Teachers with a valid work email address can click here to register or sign in for free access to Student Response.

Activity Synthesis

Invite students to share their reasoning for the factors that align with each of the 3 intervals. If students determined the factors using only specific examples, such as calculating at the growth factor between \(x=0\) and \(x=2\) as 16 since \(g(2)=16\boldcdot g(0)\), ask them to consider how they know that the growth factor is 16 for any interval of size 2 units. Help students translate their verbal reasoning into equations, such as \(4^{x+2}=4^2 \boldcdot 4^x\) or \(\dfrac{4^{x+2}}{4^x}=\dfrac{4^2 \boldcdot 4^x}{4^x}=4^2\).

5.2: Machine Depreciation (20 minutes)

Activity

In a previous lesson, students found the growth factor of an exponential function over a fractional interval.

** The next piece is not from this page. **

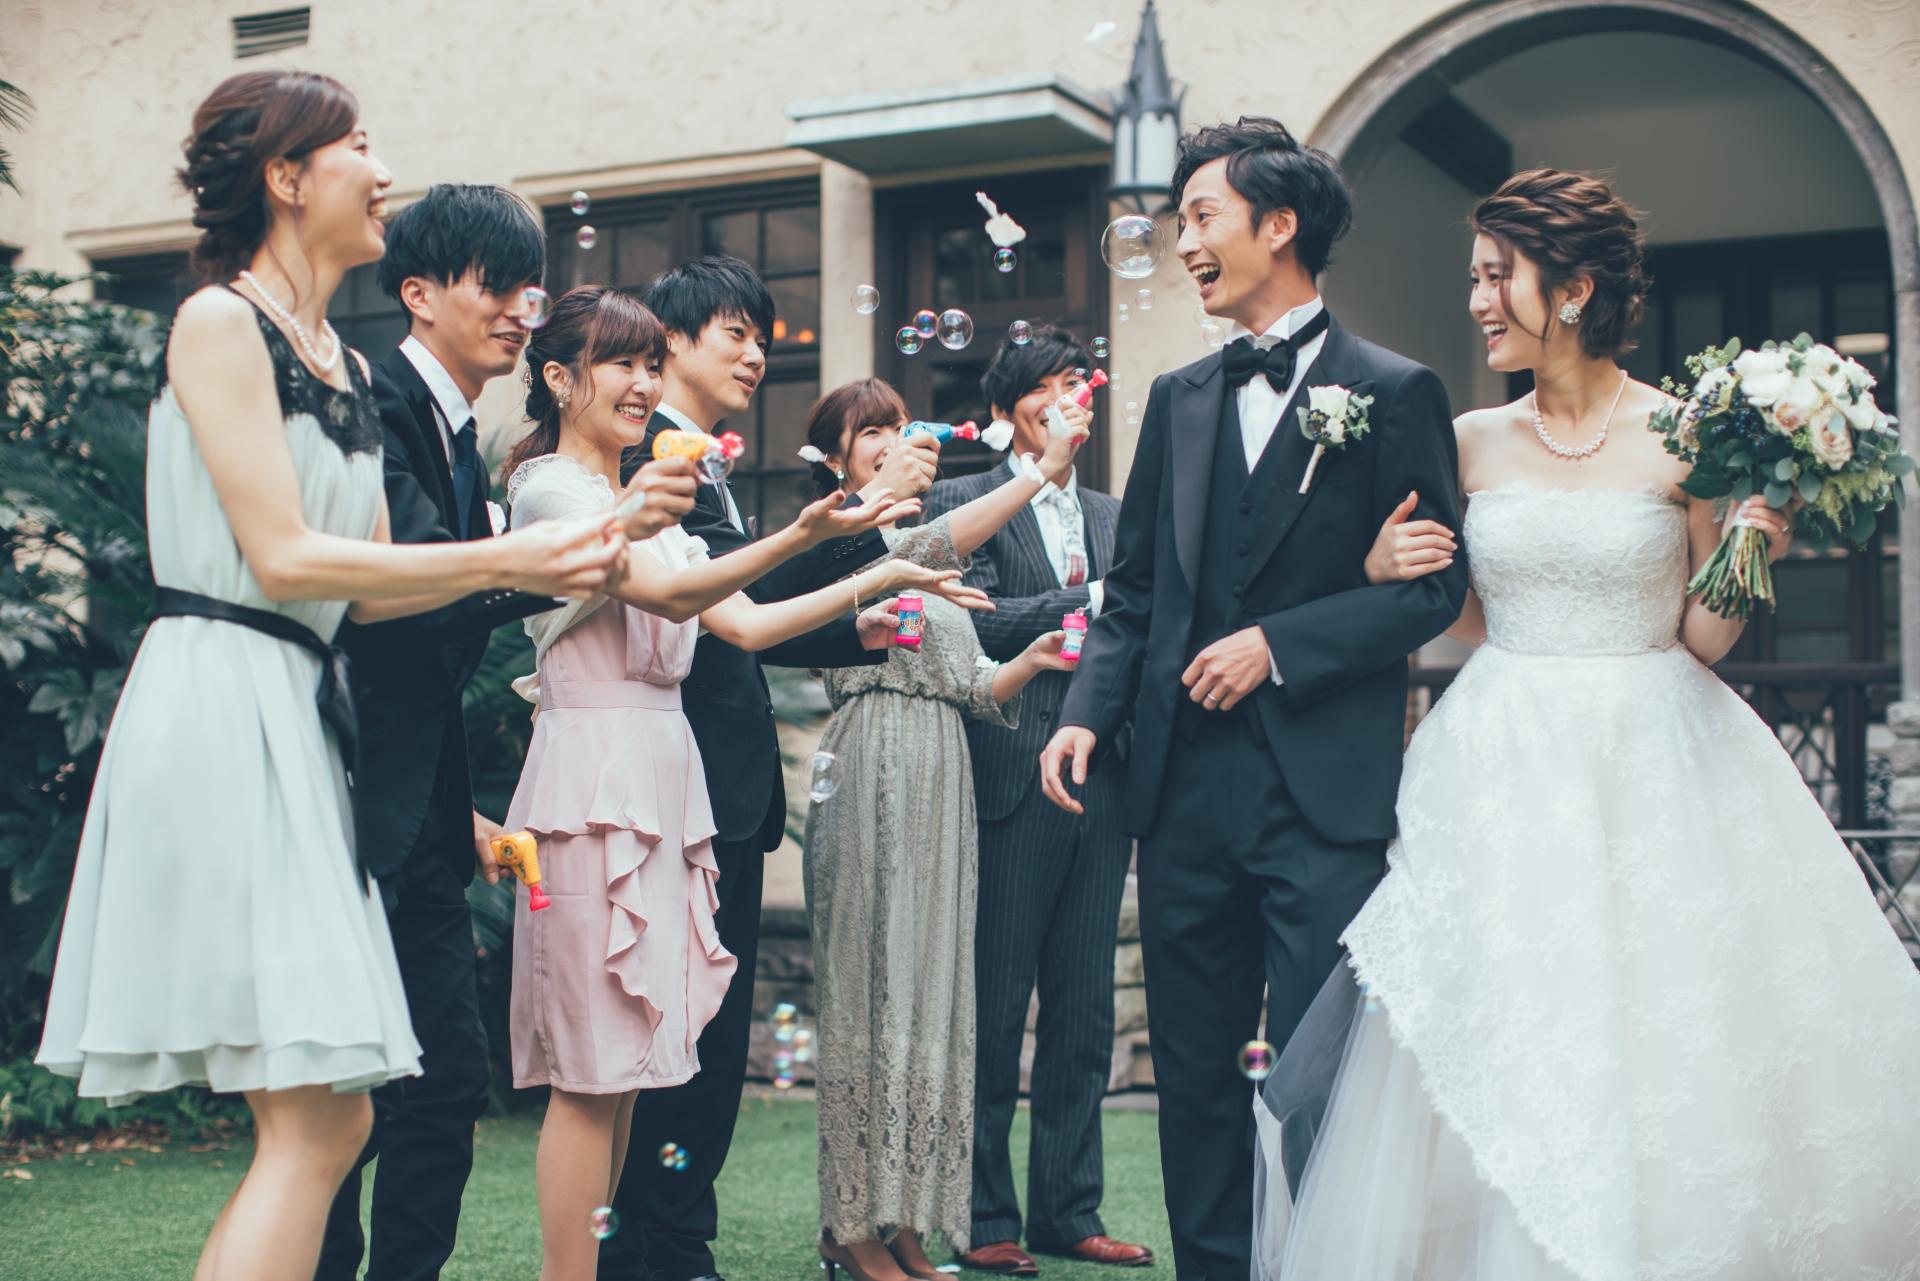 結婚式の付添人

They then rewrote a given exponential function to represent how the quantity would change over a different unit of input. For example, given a quantity expressed as a function of time in weeks, they expressed it as a function of time in days.

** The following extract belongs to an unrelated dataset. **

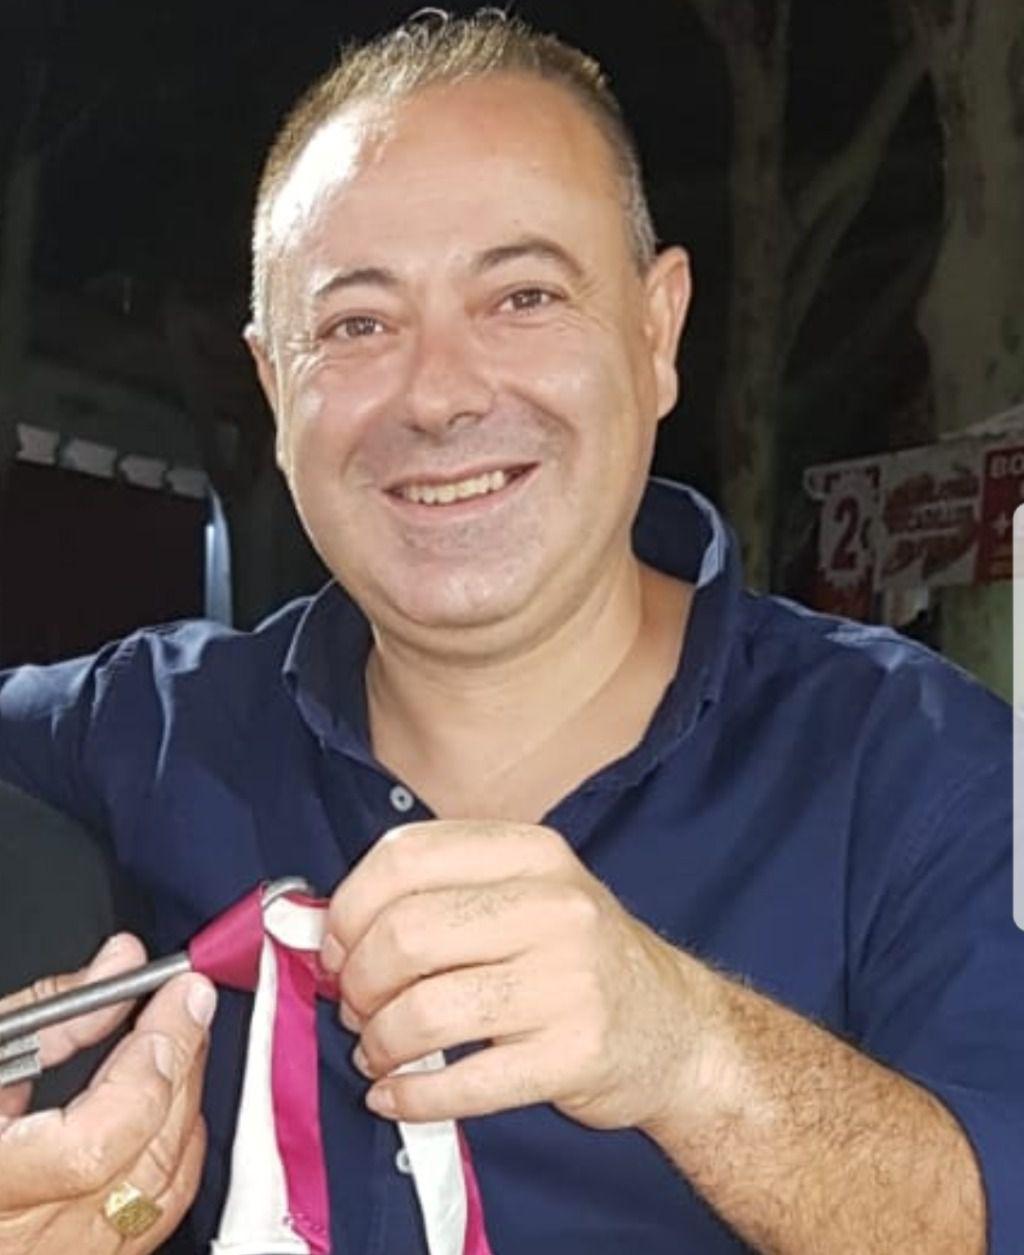 Ha fallecido Oscar Sánchez, propietario del restaurante La Espiga en Campollano

That work continues here, but the focus shifts from finding the growth factor for a particular interval to noticing how a function changes over any equal intervals of input. For example, how does the function value change every time the input increases by 0.5—say, from 1 to 1.5, or from 0.25 to 0.75?

To find the factor by which the function \(f\) changes when the input increases by 0.5, students may:

  • Use a calculator to divide the numerical values of \(f(0.5)\) and \(f(0)\) (or other equal intervals).
  • Find the factor by which \(f\) changes when the input increases by 1 (say from \(f(0)\) to \(f(1)\)), and then take the square root for that factor.

Monitor for students who use each strategy to share during the whole-class discussion.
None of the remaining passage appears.